An email has been sent to the registered attendees with the password to access these documents.
If you have any questions, please contact Corbett Cutts at (916) 438-4428.
8:00 – Registration
8:20 - Welcome and Introductions
8:30 - Market-Driven Strategy or Obsolescence – It’s
John E. Oliver, President, Laurel Management Systems, Inc
In the financial services sector there has been a tendency to plan tactically and financially rather than strategically. This has been combined with an unwillingness to challenge our own biases about the relevance of our business model and, as individual institutions, to question our underlying value propositions from the point of view of our marketplace rather than our own internal perspective. No business model in the world will be successful in the long term if it is not meeting some need or desire in its marketplace.
This session will explore the ongoing crisis of diminishing relevance for traditional financial services providers and why that crisis creates a compelling need for more professional strategy development. It will compare genuine strategic thinking to the typical financial and business planning that we usually undertake and go on examine the whole-system planning methodology as the most effective means of developing relevant market-driven strategy to ensure ongoing viability.
9:25 - The Five Levels of Leadership
Rick VanDermyden,Leadership & Personal Development Trainer with The John Maxwell Company
“Everything rises and falls on LEADERSHIP.” Your bottom line depends on the effectiveness of your leaders. So, what’s the best way to increase the effectiveness of your leaders?
The Solution: The Five Levels of Leadership is a blueprint for developing a leadership culture.

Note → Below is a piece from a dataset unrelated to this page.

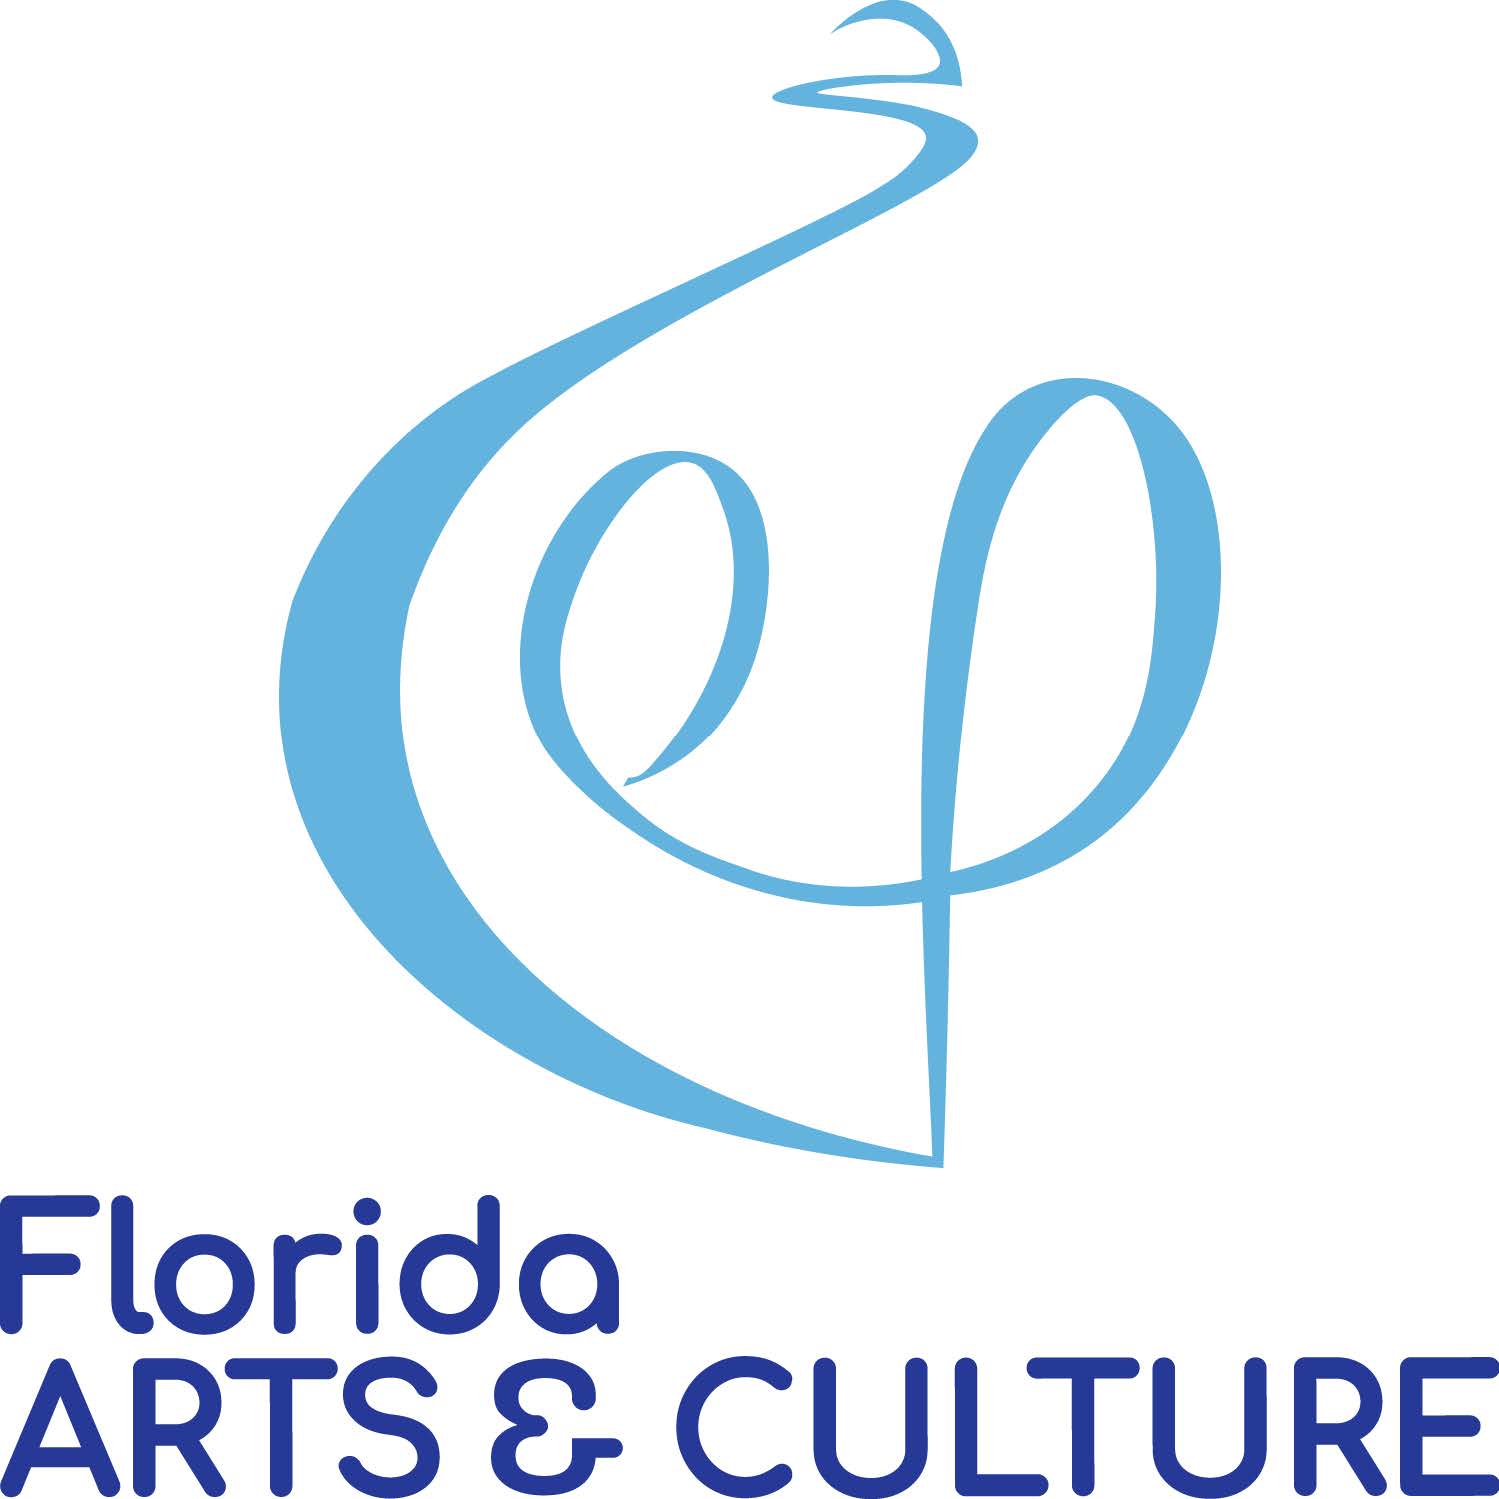 Florida Arts and culture

- Level 1 – Positional; people follow you because of your position
- Level 2- Relational; Develop a people oriented leadership style. Strike a balance between care and candor
- Level 3- Is the production level, cast a vision, and lay out a strategic plan to achieve the vision, measurable goals, strengths and skills
- Level 4- is the people development level; recruiting, positioning, developing, and measuring
- Level 5- The pinnacle level of leadership
10:20 - Networking Break
10:35 - Alignment of Executive Compensation with
Your Strategic Plan
Eric Johnsen, Executive Benefits and BOLI consultant, Equias Alliance & Mike Blanchard, CEO, Blanchard Consulting Group
The landscape surrounding total compensation practices in community banking has changed. The economic climate, increased regulation, public perception and shareholder activists have all had an impact on today’s banking compensation environment. The ultimate result of these changes – some by necessity, some by choice and others by regulatory force – has yet to be fully determined. The one certainty is there will continue to be change.
Highlights and Learning Objectives:
- Trends in Executive Compensation: Status of annual cash incentives, long-term retention incentives and executive benefits overall.
- Performance-Based Compensation Strategies for Community Banks: Discover the keys to having an effective and motivating annual cash incentive plan and what banks are using in respect to equity-based/longer-term incentives and deferred compensation.
- Executive & Director Non-Qualified Benefits and Bank-Owned Life Insurance: Learn about the various types of executive benefits and how BOLI can be used to help your bank deal with the changing executive benefit environment.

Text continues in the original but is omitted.